Southall: Steve Sabol and NFL Films came out in 1981 and came back in 1983 when I was in college to do some interviewing and filming. Steve Sabol went to Colorado College as well, so that’s why he kept tabs on me. It eventually aired on “That’s Incredible,” which as fate would have it, the night my episode aired was the same night and same time as the last episode of “M*A*S*H.” So my 15 minutes of fame were going up against Hawkeye (Alan Alda) and the cast of “M*A*S*H” in their last show. I think my grandma watched me, in addition to my mom and dad.

Q: How did your accomplishments in high school and college open the door for your current work as a coach and teacher?

Southall: I think growing up and seeing the impact that my coaches and teachers had on me made me keep the thought of being an educator in mind. I worked as a CPA for five years after I finished my master’s degree, but during that entire time, I was volunteering for junior achievement classes and coaching little league sports for the kids of my boss and other coworkers. I kept my feet in the teaching and coaching world until I got to the point where I was able to make more of an impact on society by becoming a teacher and coach, and hopefully being able to share my spirit of achievement, perseverance and how you have to work hard to overcome any obstacles that do come up. Those jobs have the perfect environment for those kind of messages to be passed on to the younger generation that are growing up in our schools today.

Q: How rewarding has it been to be able to translate your experiences to your student-athletes and Paralympic athletes?

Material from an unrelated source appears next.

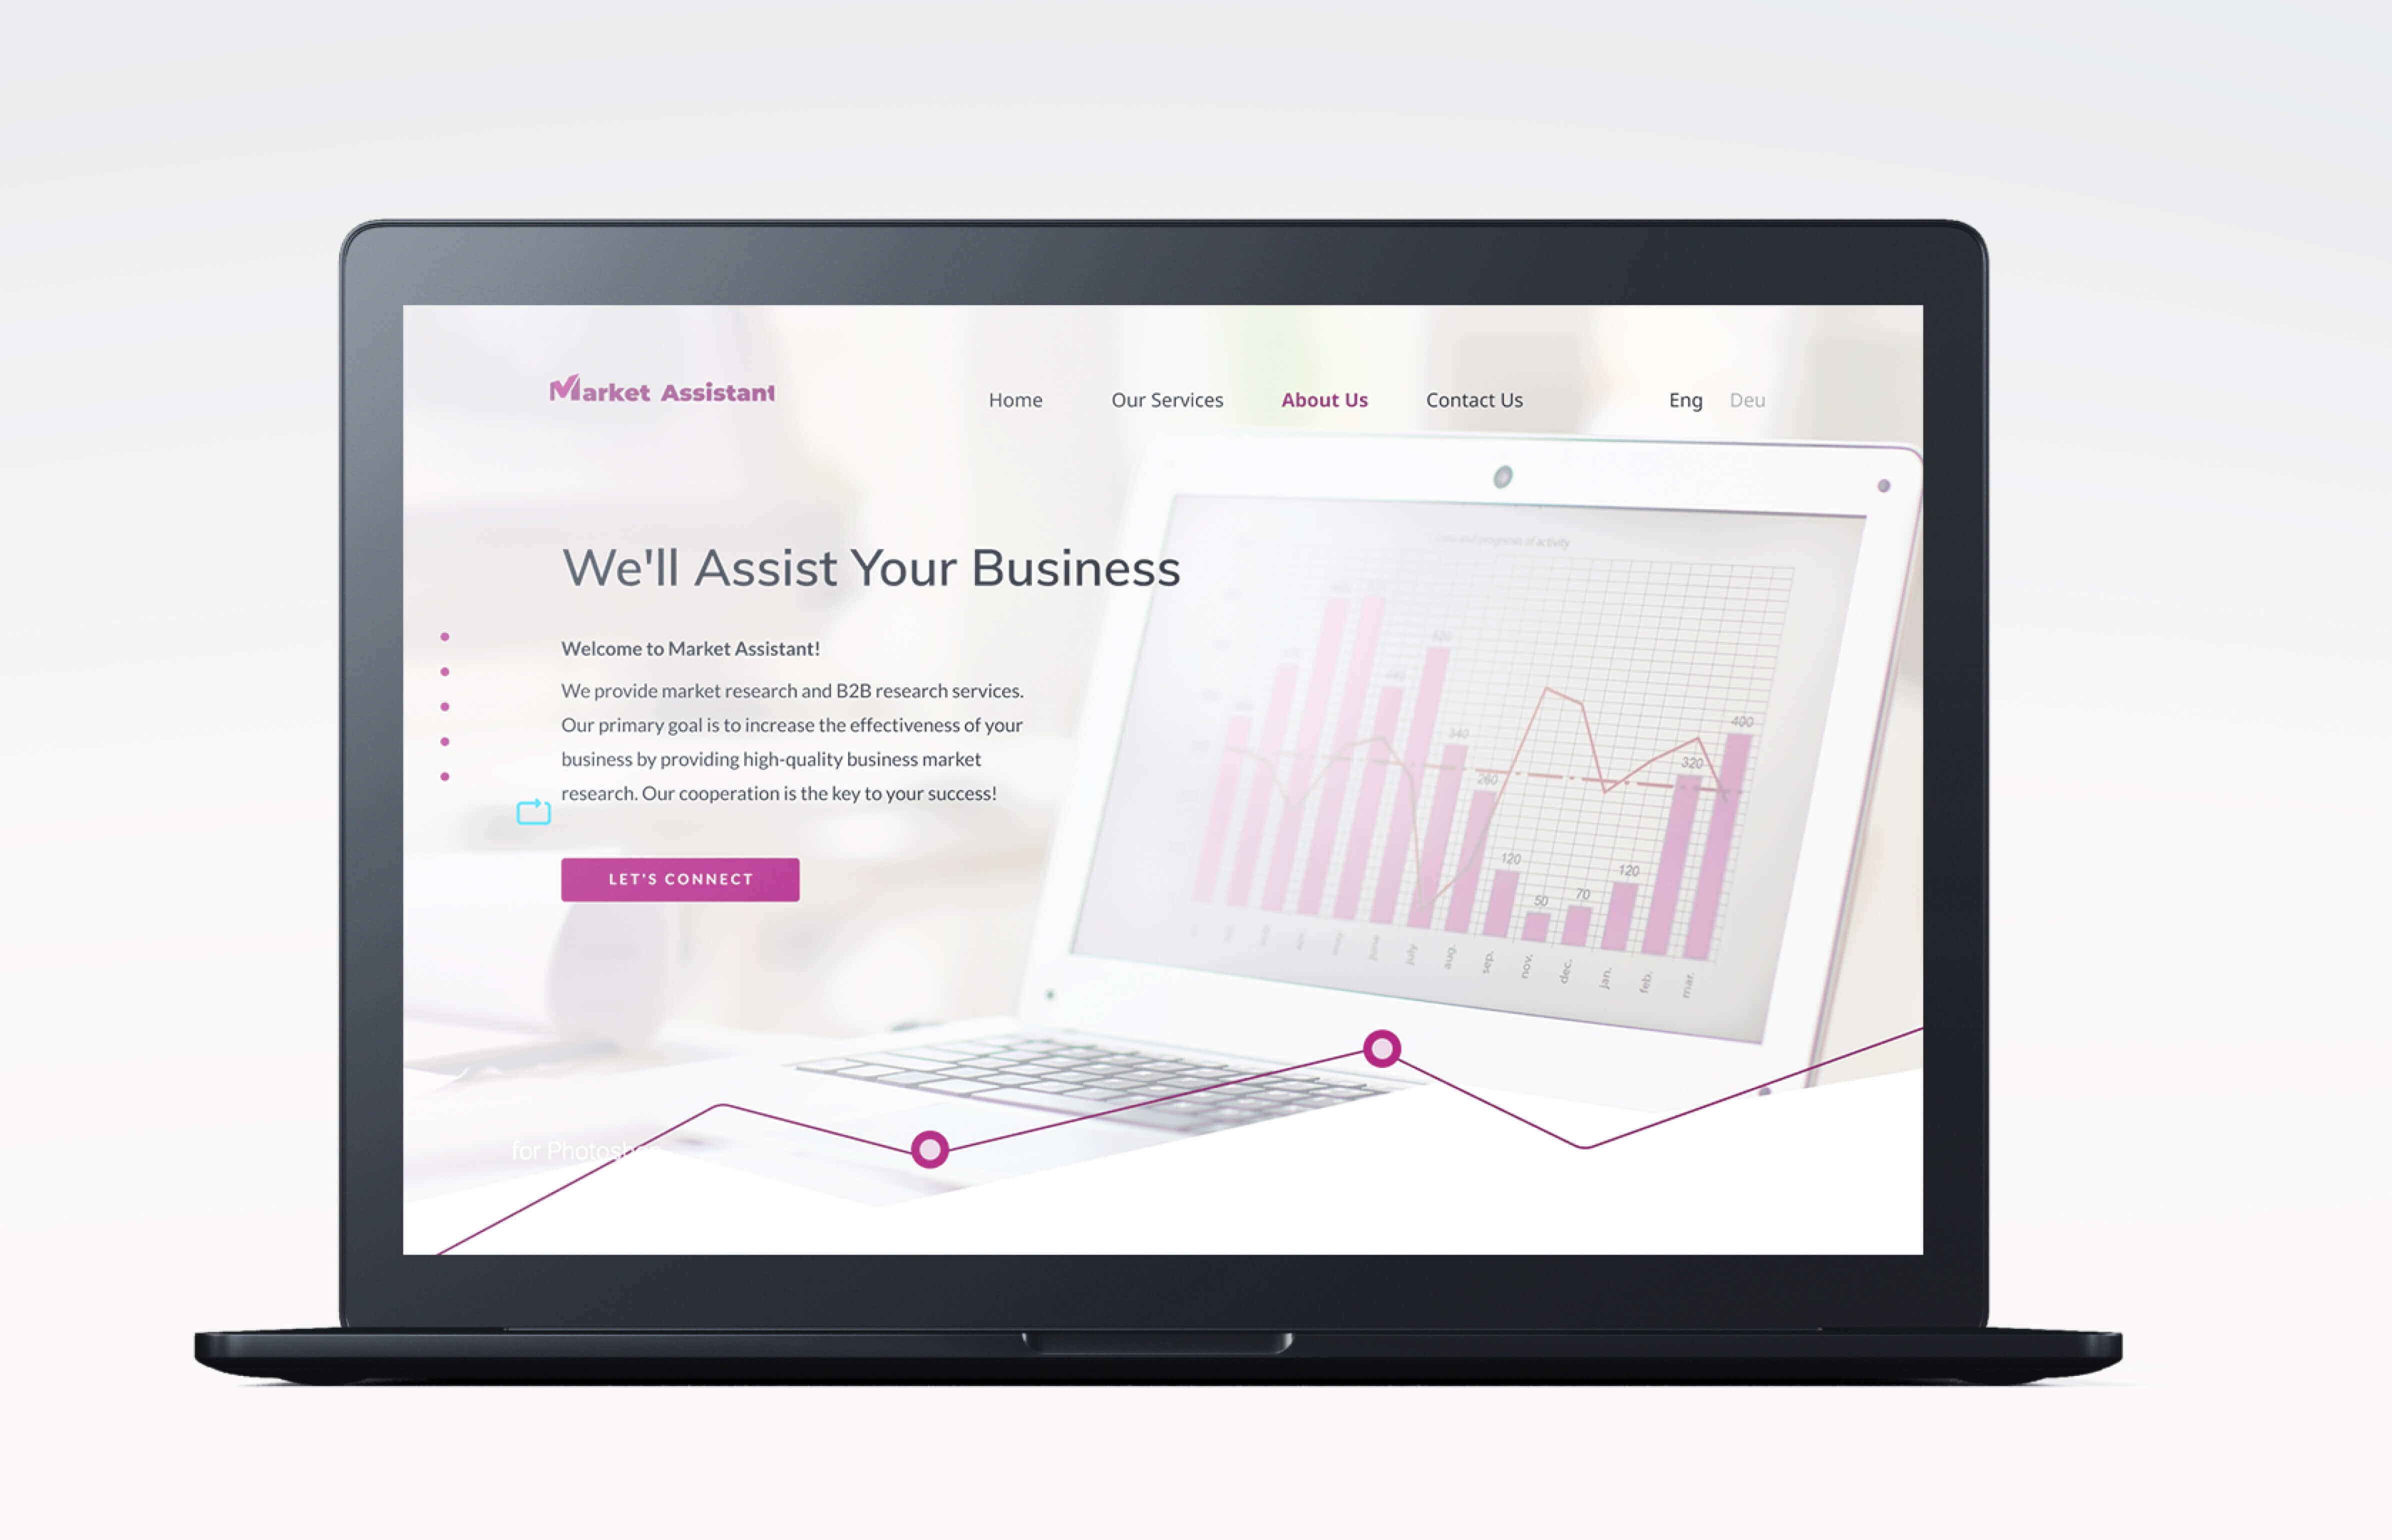 Market Assistant presentation

Southall: I think I’m able to relate with the athletes that I work with, whether they’re veterans and Paralympic athletes, or Wounded Warriors and traditional athletes. I think part of it is knowing that you’re able to adapt to different situations. Whether it’s a different event that someone’s just learning – or with some of the older veterans I work with, they’re wanting to get involved for the first time in some aspects of athletics – they see that there are different ways to utilize the skills that they do have. If it’s with Paralympic athletes or Special Olympics athletes, they can see I’ve been kind of down the same road that they are traveling on and am able to empathize with them that it is going to be hard work. I’ve been there and been through that so I am able to help work with them and try to come up with a training regimen or technique that will help them use the abilities that they have to maximize it the best they can. I think some of the students and athletes that I work with see that I’m there to help them but we may have to do something a little out of the ordinary to do the things that they want to accomplish.